SitNews - Stories in the News - Ketchikan, Alaska

Historical Feature

The Amazing, Colorful and Controversial Life of Gertrud Mellenberg Schrader

By LOUISE BRINCK HARRINGTON

 

November 02, 2018
Friday AM


(SitNews) Ketchikan, Alaska - First and foremost, Gertrud Schrader was a survivor.

Born in 1909 in Riga, Latvia (then part of Czarist Russia), she survived not only the Russian Revolution, but also World War II in Eastern Europe.

Her father, Leo Mellenberg, a member of the White Russian Army, died during the revolution in a Communist prison in Riga. Her mother, Alma Mellenberg, then took Gertrud and her two brothers and escaped to Manchuria. Alma Mellenberg found work in Manchuria as a chambermaid and later at an import-export business.

Gertrud Schrader 1986

When World War II broke out, Gertrud was on vacation in Germany visiting her grandmother and some friends. The Nazis arrested her, declaring her “a displaced person” (she’d been born in Russia and currently was a resident of Manchuria) and threw her in jail. Being a fearless and headstrong person, however, she talked her way out of prison by convincing the Nazis she was needed as a teacher in occupied Poland.

But after a short time in Poland, she realized that the Nazis were arresting Jews and sending them to concentration camps. She watched as a German soldier grabbed a bundle of rags from the arms of a Jewish woman and threw it onto a flatbed truck.

The bundle of rags began to cry.

It was a baby.

“I saw an SS [Germany’s elite military unit] man standing on the street, filming that incident,” Gertrud told the Ketchikan Daily News years later. “I told the SS man that it was tactless to be filming that. And he said, ‘No! Do not say that. This will be an historic document!’”

When hired as a teacher in Nazi-occupied Poland, Gertrud had taken an oath to not oppose the Nazis. But now, witnessing such Nazi brutality, she wanted out of Poland—and she wanted out now. She resigned her teaching position, biked and hitch-hiked to Prague, Czechoslovakia, where she signed up for nursing courses at a university.

That’s where she was in 1945 when the war finally ended. Now, her goal was to find a way out of war-torn Europe and a new life for herself, preferably in the United States.

By 1956, Gertrud was working as a lab technician at a hospital in South Dakota. She decided that what she really wanted was to spend the rest of her days living in a small town on the west coast. She found three job openings available in her field—all in Alaska, at hospitals in Nome, Fairbanks and Ketchikan—and chose the one in Ketchikan, she said later, because the position at the Ketchikan General Hospital included a place to live and hot meals while on duty.

Ketchikan

“I was terribly disappointed in Ketchikan at first,” Gertrud later wrote in a paper for a community college course. “My first three weeks here in June, 1956, were wet and gray with uninterrupted rain. I would have left right then if I hadn’t been so stingy…I spent a lot of money to ship all of my earthly possessions here.”

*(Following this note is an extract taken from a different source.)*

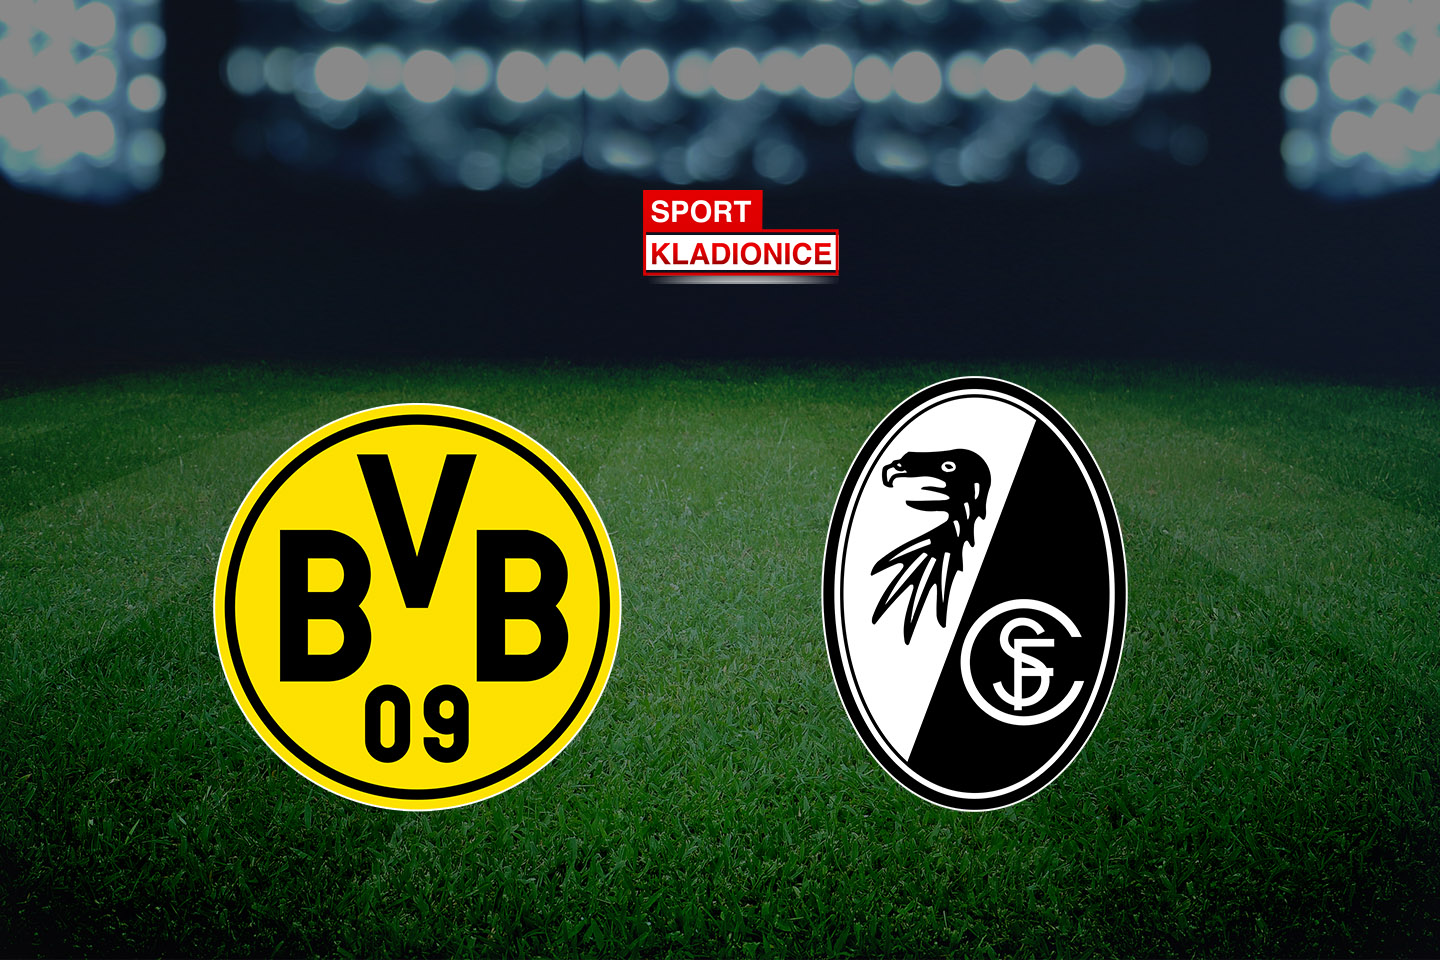 Borussia Dortmund – Freiburg

Five months later, however, she changed her mind, deciding that Ketchikan wasn’t so bad and buying a log cabin at Mountain Point, six-and-a-half miles from town. “It was the air,” she wrote in her paper, “the fresh, clean, windy, cool, invigorating Ketchikan air that did it!”

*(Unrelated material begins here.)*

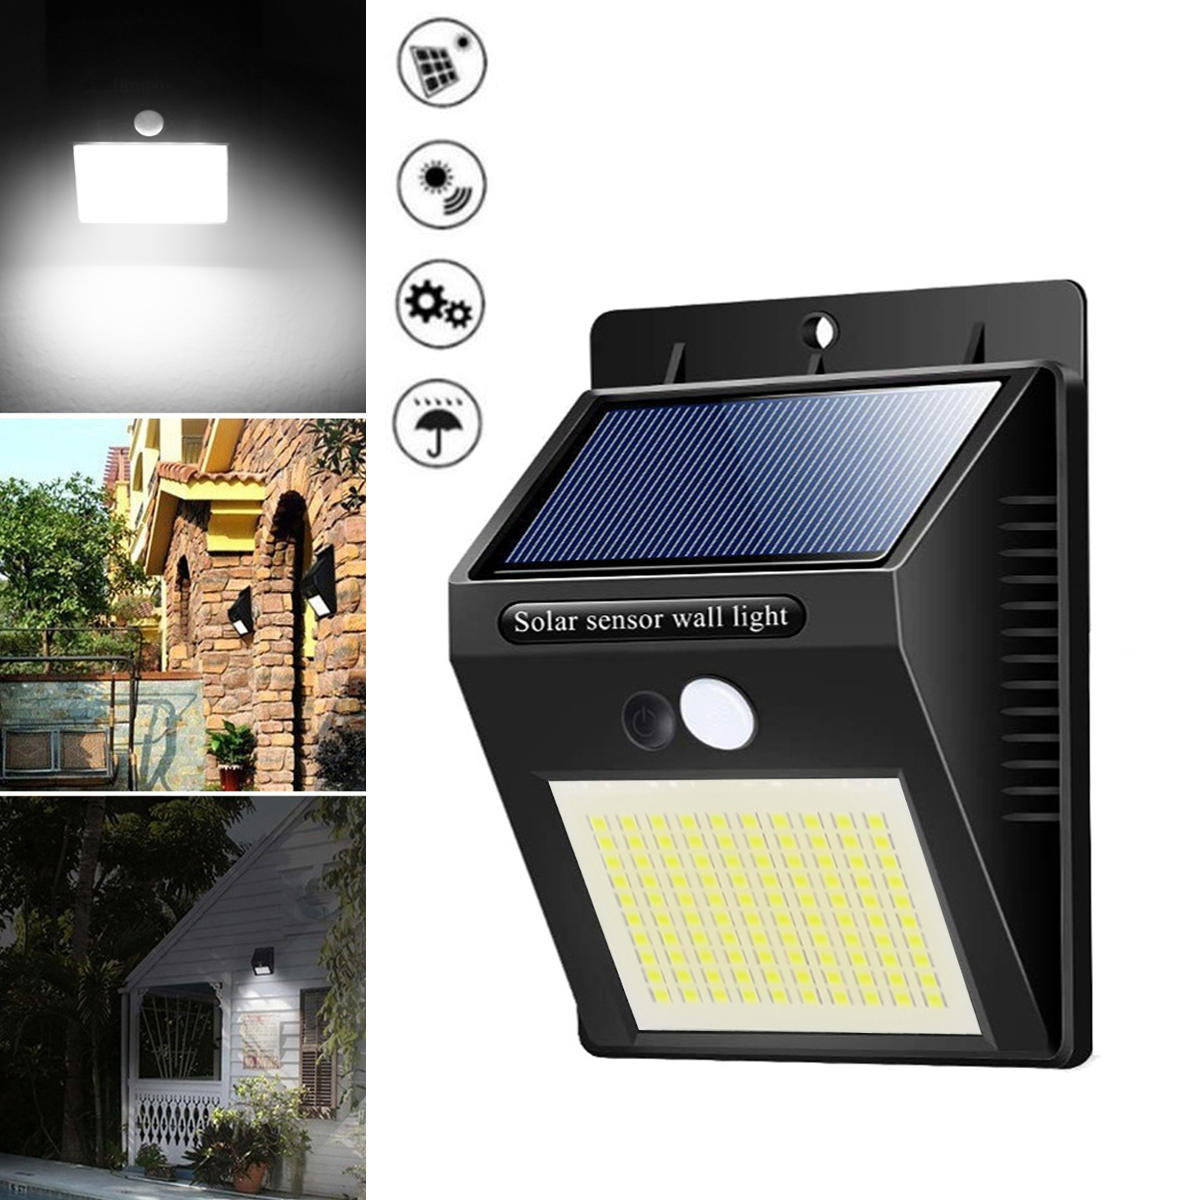 

100 LED Солнечная Свет PIR Motion Датчик Безопасность На открытом воздухе Сад Стена Лампа 3 режима освещения

She added that, while on her daily bicycle rides to work at the hospital, she “breathed deeply the fresh, moist air that the southeasterly wind carried from the ocean, through the channels and over the wooded islands to Ketchikan.”

jpg Sailor Cemetary - Loring 
Summer of 1964 
Drawing by Gertrud Schrader ©1964

Sailor Cemetary - Loring
Summer of 1964
Drawing by Gertrud Schrader ©1964

Soon after arriving in Ketchikan, she met Christian Schrader, a Danish immigrant who worked as a machinist at the Ketchikan Spruce Mill. In 1959, when both she and Chris were nearly 50 years old, they married. Neither one had been married before.

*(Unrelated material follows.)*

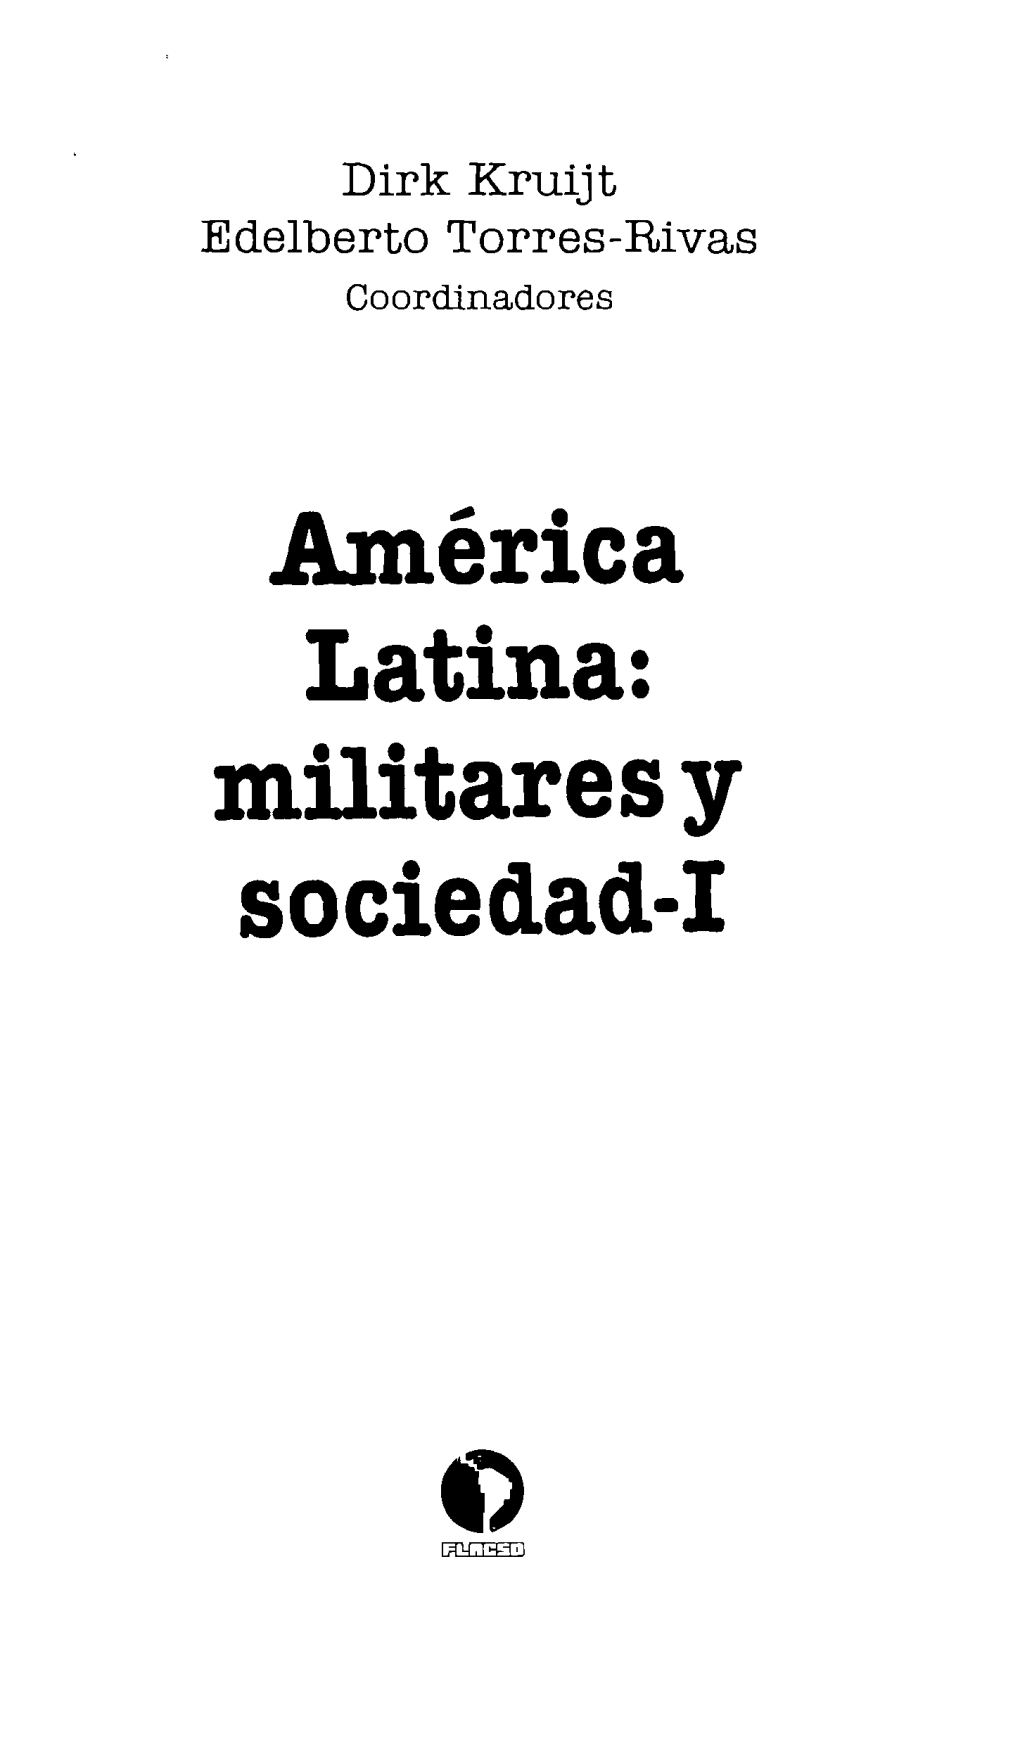 Militaresy Sociedad-I 355.03 A49a América Latina: Militares Y Sociedad / Coord

A U.S. Navy veteran and born seafarer, Chris was usually seen wearing a pea coat and black woolen cap, with a duffel slung over his shoulder. He loved to sail and owned a boat that he moored at Thomas Basin. He and Gertrud spent days and weeks aboard the boat, traveling and exploring the islands of Southeast Alaska.

“Oh gorgeous teeming country, full of life!” Gertrud wrote of their travels. Although she saw beauty everywhere, she did not use a camera to capture it; instead she used her sketching pad and pen to draw islands, bays, forests, everything!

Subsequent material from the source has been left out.